Its definitely good to have uniformity I don't have much of a preference but to say, probably worth justifying conda over PIP if we are to use conda. The value add for conda doesn't seem to be there for the use case.
Thanks @medic-code ,
Unsure exactly where - Chris had the issue, but the offending traceback is here:
prep_df = pd.DataFrame(X_train_prep)
prep_df.columns = pipeline.get_feature_names_out()
prep_df.head()
---------------------------------------------------------------------------
AttributeError Traceback (most recent call last)
Input In [57], in ()
1 prep_df = pd.DataFrame(X_train_prep)
----> 2 prep_df.columns = pipeline.get_feature_names_out()
3 prep_df.head()
File [~/Library/miniconda3/envs/data_science/lib/python3.10/site-packages/sklearn/compose/_column_transformer.py:481](https://file+.vscode-resource.vscode-cdn.net/Users/lawrence/Programming/CodingForMedicine/exercises/~/Library/miniconda3/envs/data_science/lib/python3.10/site-packages/sklearn/compose/_column_transformer.py:481), in ColumnTransformer.get_feature_names_out(self, input_features)
479 transformer_with_feature_names_out = []

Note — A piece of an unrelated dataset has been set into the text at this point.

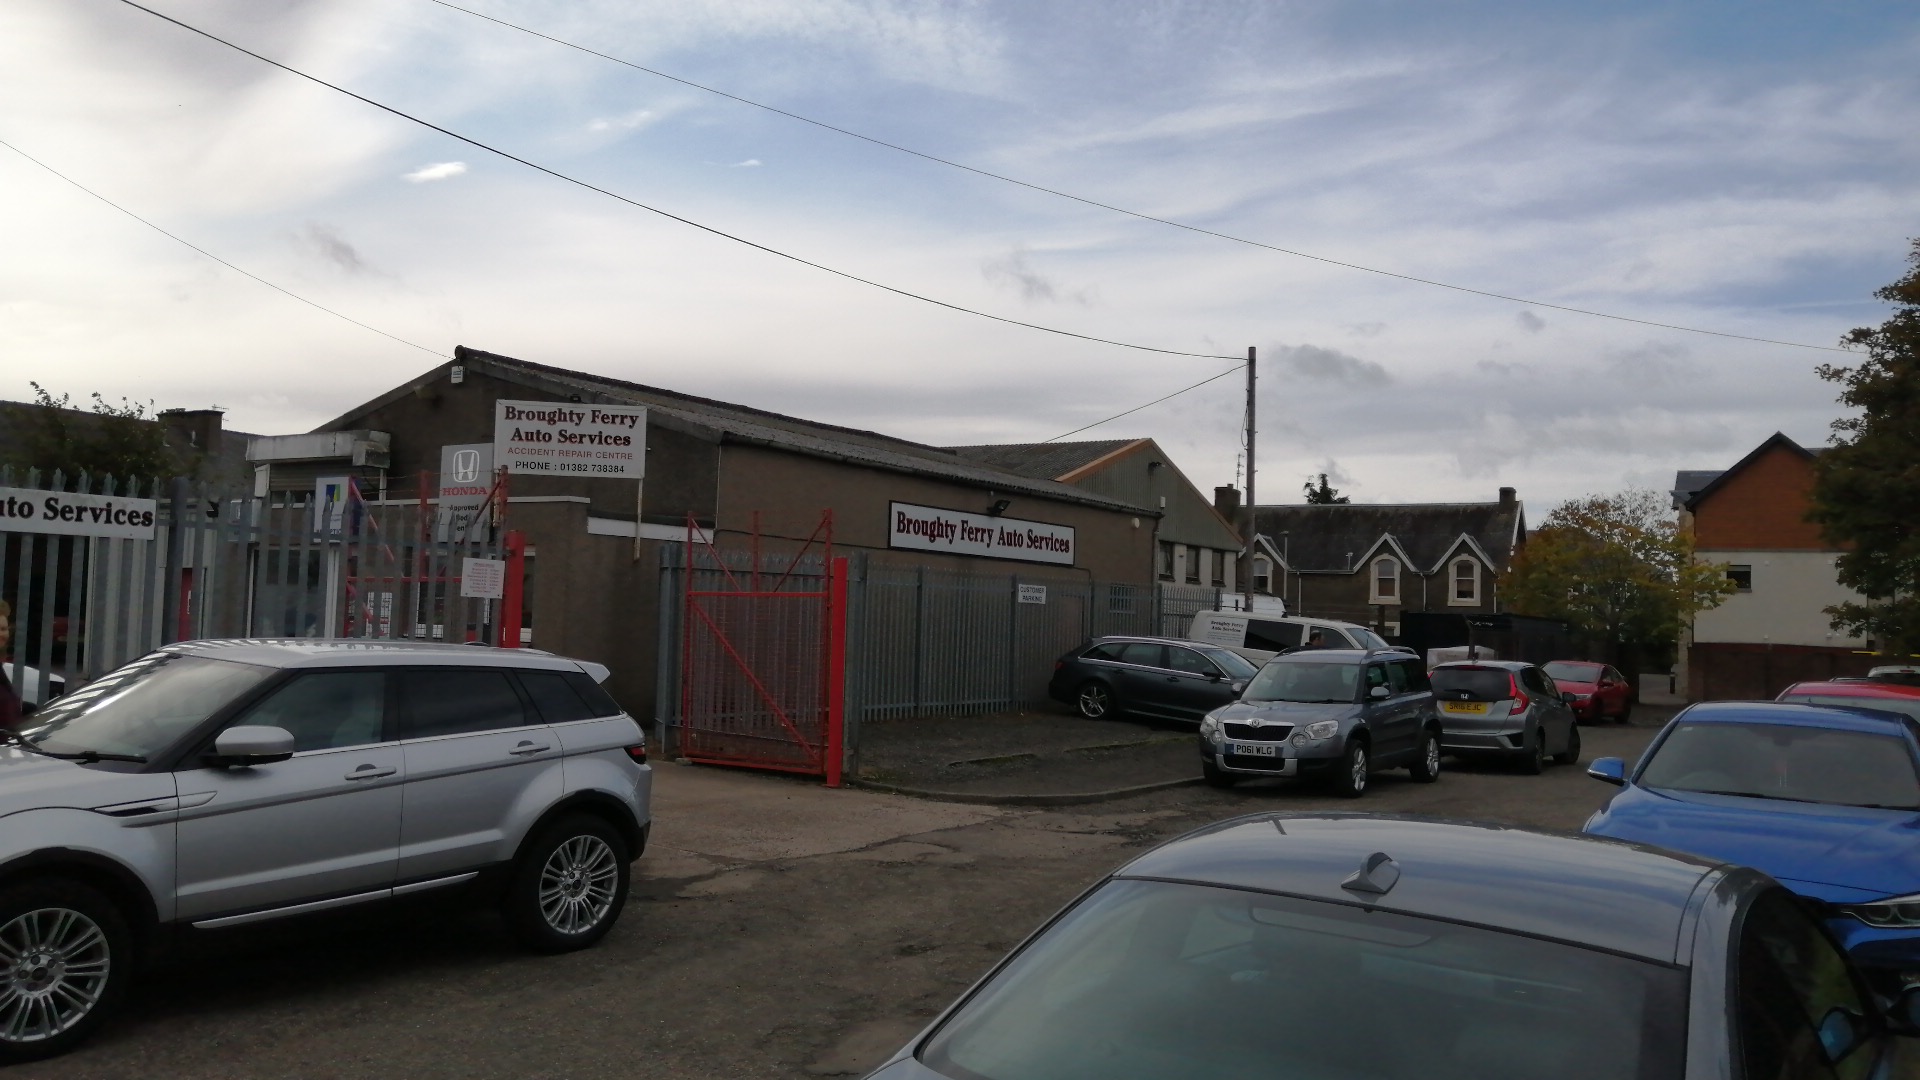 Broughty Ferry Auto Services

480 for name, trans, column, _ in self._iter(fitted=True):
--> 481 feature_names_out = self._get_feature_name_out_for_transformer(
482 name, trans, column, input_features
483 )
484 if feature_names_out is None:
485 continue
File [~/Library/miniconda3/envs/data_science/lib/python3.10/site-packages/sklearn/compose/_column_transformer.py:446](https://file+.vscode-resource.vscode-cdn.net/Users/lawrence/Programming/CodingForMedicine/exercises/~/Library/miniconda3/envs/data_science/lib/python3.10/site-packages/sklearn/compose/_column_transformer.py:446), in ColumnTransformer._get_feature_name_out_for_transformer(self, name, trans, column, feature_names_in)
444 # An actual transformer
445 if not hasattr(trans, "get_feature_names_out"):
--> 446 raise AttributeError(
447 f"Transformer {name} (type {type(trans).__name__}) does "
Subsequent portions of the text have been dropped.